Here is a graphical representation of the problem, inspired from How to visualize feasible region for linear programming (with arbitrary inequalities) in Numpy/MatplotLib?
import numpy as np
import matplotlib.pyplot as plt
m = np.linspace(0,5,200)
x,y = np.meshgrid(m,m)
plt.imshow(((6*x+4*y<=24)&(x+2*y<=6)&(-x+y<=1)&(y<=2)&(x>=0)&(y>=0)).astype(int),
extent=(x.min(),x.max(),y.min(),y.max()),origin='lower',cmap='Greys',alpha=0.3);
# plot constraints
x = np.linspace(0, 5, 2000)
# 6*x+4*y<=24
y0 = 6-1.5*x
# x+2*y<=6
y1 = 3-0.5*x
# -x+y<=1
y2 = 1+x
# y <= 2
y3 = (x*0) + 2
# x >= 0
y4 = x*0
plt.plot(x, y0, label=r'$6x+4y\leq24$')
plt.plot(x, y1, label=r'$x+2y\leq6$')
plt.plot(x, y2, label=r'$-x+y\leq1$')
plt.plot(x, 2*np.ones_like(x), label=r'$y\leq2$')
plt.plot(x, y4, label=r'$x\geq0$')
plt.plot([0,0],[0,3], label=r'$y\geq0$')
xv = [0,0,1,2,3,4,0]; yv = [0,1,2,2,1.5,0,0]
plt.plot(xv,yv,'ko--',markersize=7,linewidth=2)
for i in range(len(xv)):
plt.text(xv[i]+0.1,yv[i]+0.1,f'({xv[i]},{yv[i]})')
plt.xlim(0,5); plt.ylim(0,3); plt.grid(); plt.tight_layout()
plt.legend(loc=1); plt.xlabel('x'); plt.ylabel('y')
plt.show()
The problem is missing an objective function so any of the shaded points satisfy the inequalities.

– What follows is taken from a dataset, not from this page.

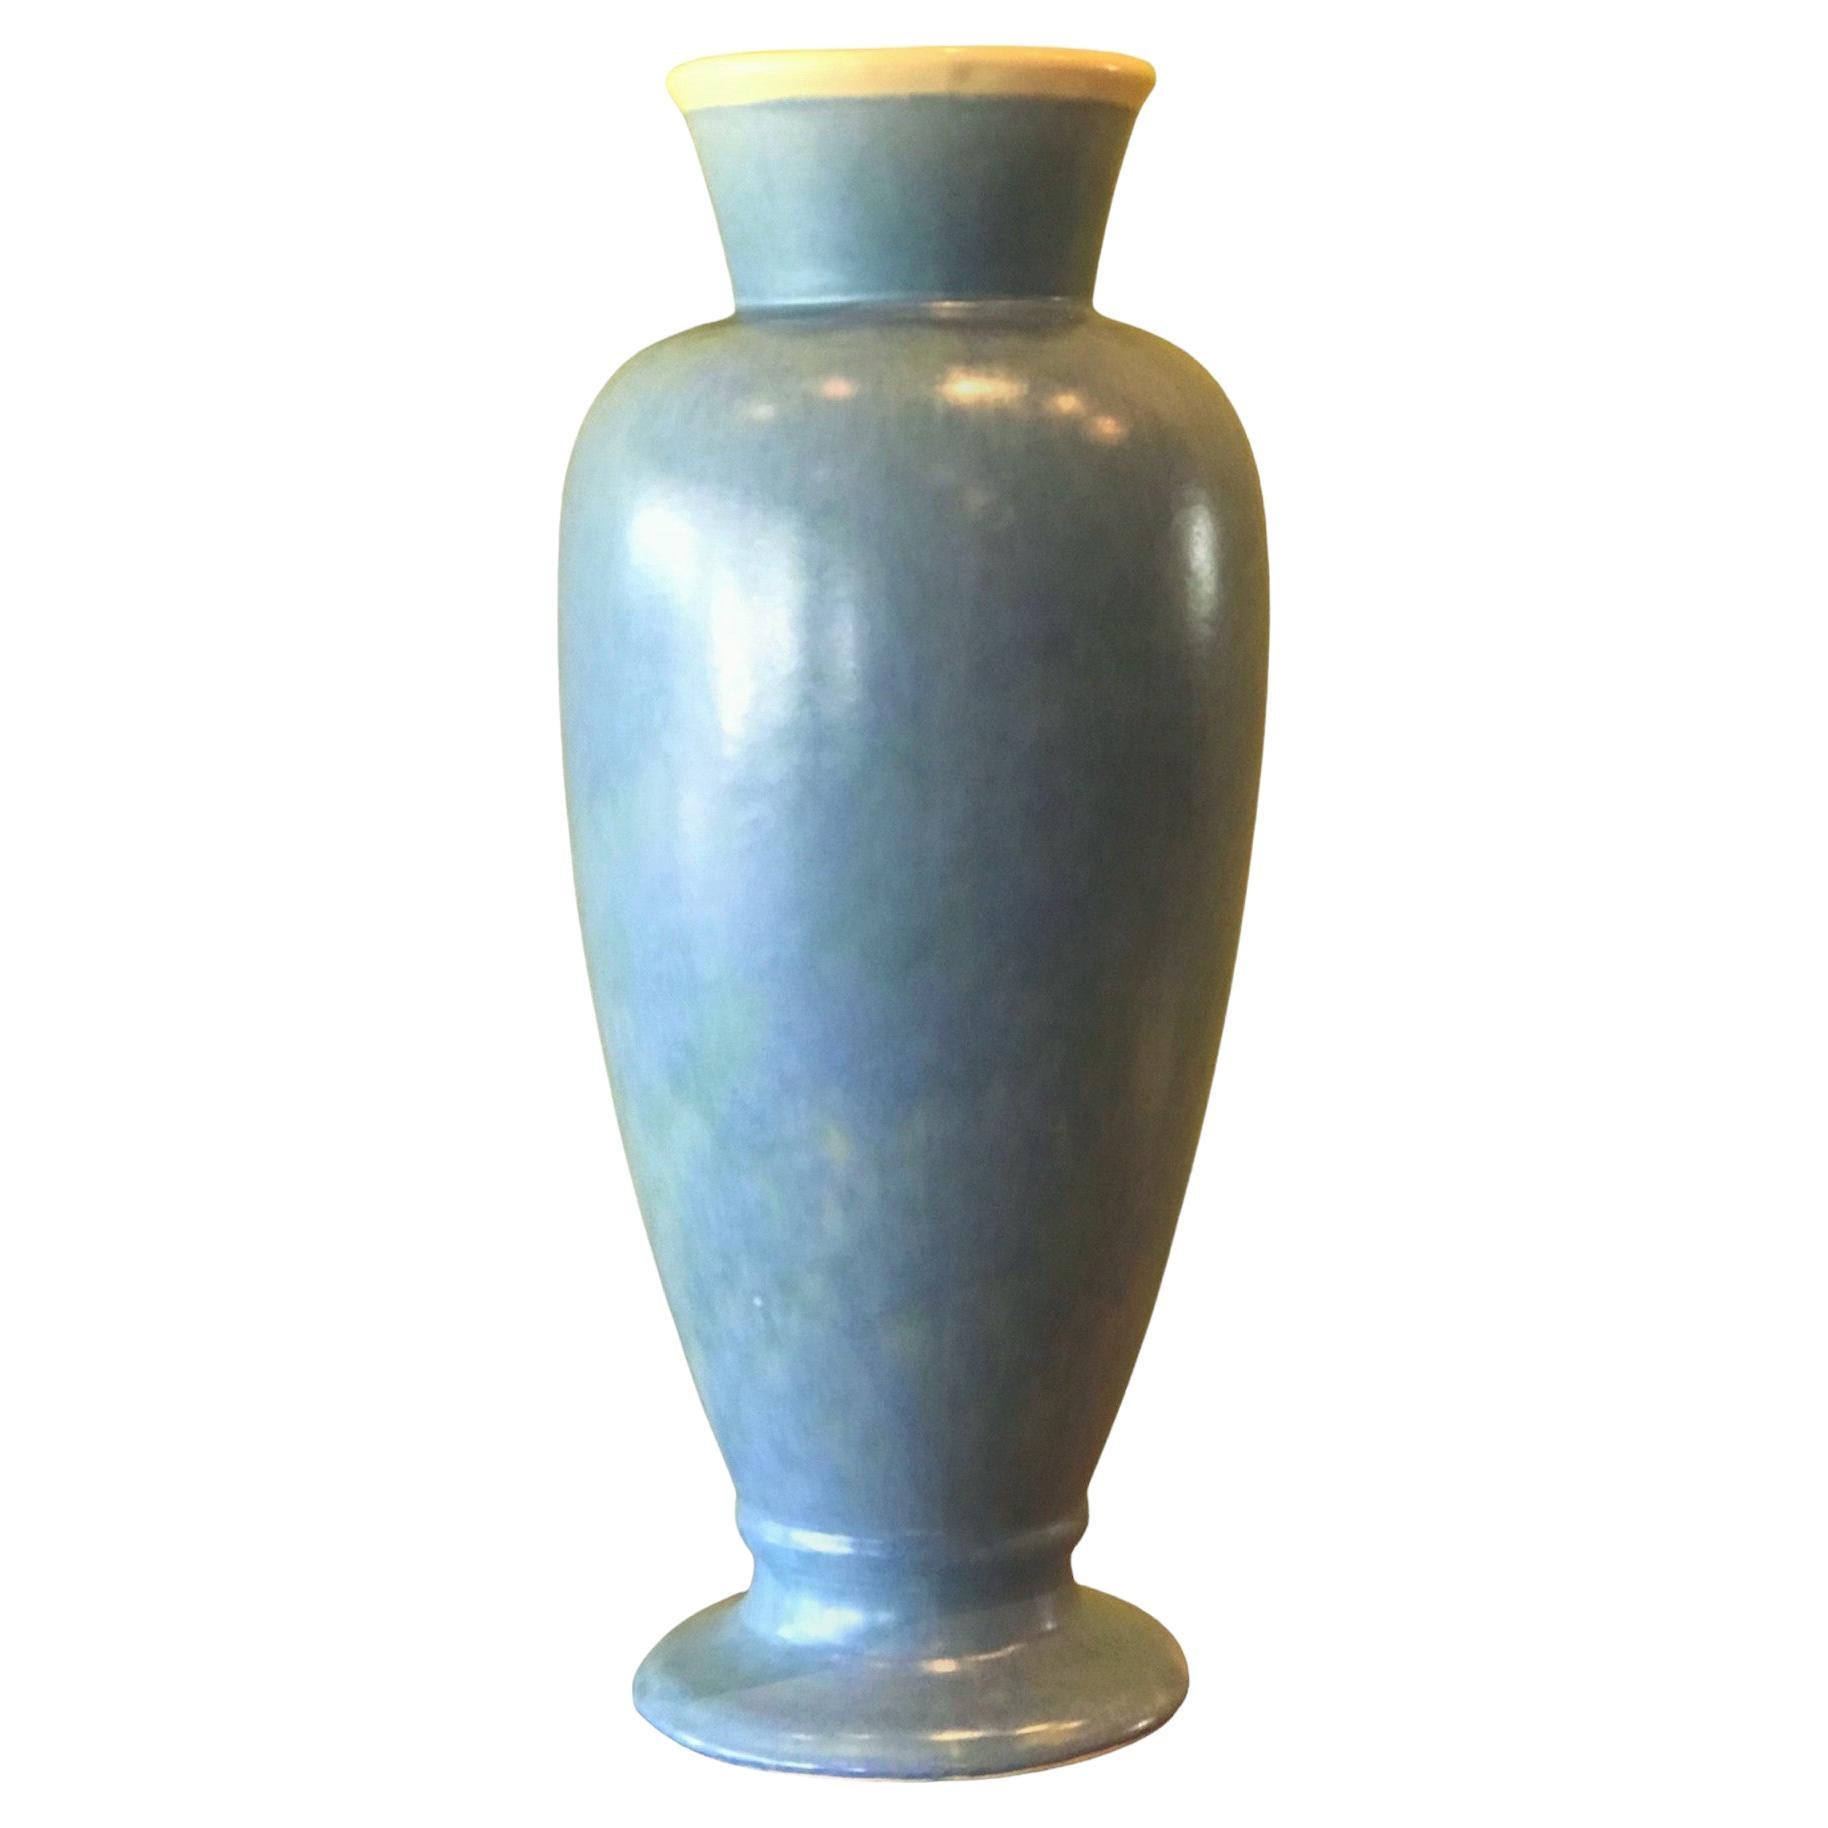 Vase en poterie de grande taille par Weller Pottery des années 1920 avec une forme rarement vue. De couleur bleu ciel à l'extérieur et blanc tendre à l'intérieur. Signé avec l'écriture Weller des années 1920. En très bon état.  Légère usure due à

If it did have an objective function (e.g. Maximize x+y) then many capable Python solvers can handle this problem. Here is a Linear Programming example in GEKKO that also supports mixed integer, nonlinear, and differential constraints.
from gekko import GEKKO
m = GEKKO(remote=False)
x,y = m.Array(m.Var,2,lb=0)
m.Equations([6*x+4*y<=24,x+2*y<=6,-x+y<=1,y<=2])
m.Maximize(x+y)
m.solve(disp=False)
Large scale LP problems are solved in matrix form or in sparse matrix form where only the non-zeros of the matrices are stored. There is a tutorial on LP solutions with a few examples that I developed for a university course.
I would recommend using the PuLP python package. It has a nice interface and you can use differenty types of algorithms to solve LP.
lpsolve is the easiest to me. No need to install separate solver. It comes with in the package.